• [What is needed] Find the line with "Events in toronto" in the entries below, then reproduce it and every line after it down to and including the line with "Brand new KitchenAid", exactly.

------------

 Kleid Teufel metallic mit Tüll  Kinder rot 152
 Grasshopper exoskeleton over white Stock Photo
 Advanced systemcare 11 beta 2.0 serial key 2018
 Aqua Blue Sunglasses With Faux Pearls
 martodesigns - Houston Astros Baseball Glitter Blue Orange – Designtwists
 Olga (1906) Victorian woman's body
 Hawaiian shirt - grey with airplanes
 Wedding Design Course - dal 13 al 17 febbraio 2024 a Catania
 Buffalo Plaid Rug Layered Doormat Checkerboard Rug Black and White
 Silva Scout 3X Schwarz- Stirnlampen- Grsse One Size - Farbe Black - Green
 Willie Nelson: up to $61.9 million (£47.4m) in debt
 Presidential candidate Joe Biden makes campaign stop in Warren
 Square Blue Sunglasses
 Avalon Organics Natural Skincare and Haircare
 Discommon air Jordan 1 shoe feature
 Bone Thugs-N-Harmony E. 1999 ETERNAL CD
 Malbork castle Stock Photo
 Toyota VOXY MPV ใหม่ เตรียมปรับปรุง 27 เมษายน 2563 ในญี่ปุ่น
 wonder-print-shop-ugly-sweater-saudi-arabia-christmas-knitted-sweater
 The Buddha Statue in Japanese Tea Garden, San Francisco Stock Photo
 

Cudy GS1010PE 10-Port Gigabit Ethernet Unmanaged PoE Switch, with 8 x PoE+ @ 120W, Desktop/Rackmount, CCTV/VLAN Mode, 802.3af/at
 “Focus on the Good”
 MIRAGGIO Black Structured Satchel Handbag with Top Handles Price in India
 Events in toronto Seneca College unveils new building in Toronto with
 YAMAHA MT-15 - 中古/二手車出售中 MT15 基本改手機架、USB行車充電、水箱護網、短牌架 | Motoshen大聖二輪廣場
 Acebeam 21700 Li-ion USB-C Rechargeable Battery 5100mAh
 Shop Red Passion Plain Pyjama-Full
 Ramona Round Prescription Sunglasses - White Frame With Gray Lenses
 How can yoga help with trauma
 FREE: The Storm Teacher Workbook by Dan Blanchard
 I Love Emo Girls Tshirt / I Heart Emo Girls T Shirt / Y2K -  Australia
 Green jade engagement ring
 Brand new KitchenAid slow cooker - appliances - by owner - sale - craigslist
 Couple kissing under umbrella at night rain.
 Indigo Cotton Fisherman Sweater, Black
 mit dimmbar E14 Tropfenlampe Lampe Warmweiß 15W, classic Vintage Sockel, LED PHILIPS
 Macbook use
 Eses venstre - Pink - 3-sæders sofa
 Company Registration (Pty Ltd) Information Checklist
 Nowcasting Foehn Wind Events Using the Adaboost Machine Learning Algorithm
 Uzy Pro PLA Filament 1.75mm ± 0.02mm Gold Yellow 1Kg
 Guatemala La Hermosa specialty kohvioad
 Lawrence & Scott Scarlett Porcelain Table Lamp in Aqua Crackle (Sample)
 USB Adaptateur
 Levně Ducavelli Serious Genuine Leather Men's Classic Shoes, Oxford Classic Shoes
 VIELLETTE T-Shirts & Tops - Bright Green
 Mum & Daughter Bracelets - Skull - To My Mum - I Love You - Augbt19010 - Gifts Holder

------------

• [Result for this exercise]
 Events in toronto Seneca College unveils new building in Toronto with
 YAMAHA MT-15 - 中古/二手車出售中 MT15 基本改手機架、USB行車充電、水箱護網、短牌架 | Motoshen大聖二輪廣場
 Acebeam 21700 Li-ion USB-C Rechargeable Battery 5100mAh
 Shop Red Passion Plain Pyjama-Full
 Ramona Round Prescription Sunglasses - White Frame With Gray Lenses
 How can yoga help with trauma
 FREE: The Storm Teacher Workbook by Dan Blanchard
 I Love Emo Girls Tshirt / I Heart Emo Girls T Shirt / Y2K -  Australia
 Green jade engagement ring
 Brand new KitchenAid slow cooker - appliances - by owner - sale - craigslist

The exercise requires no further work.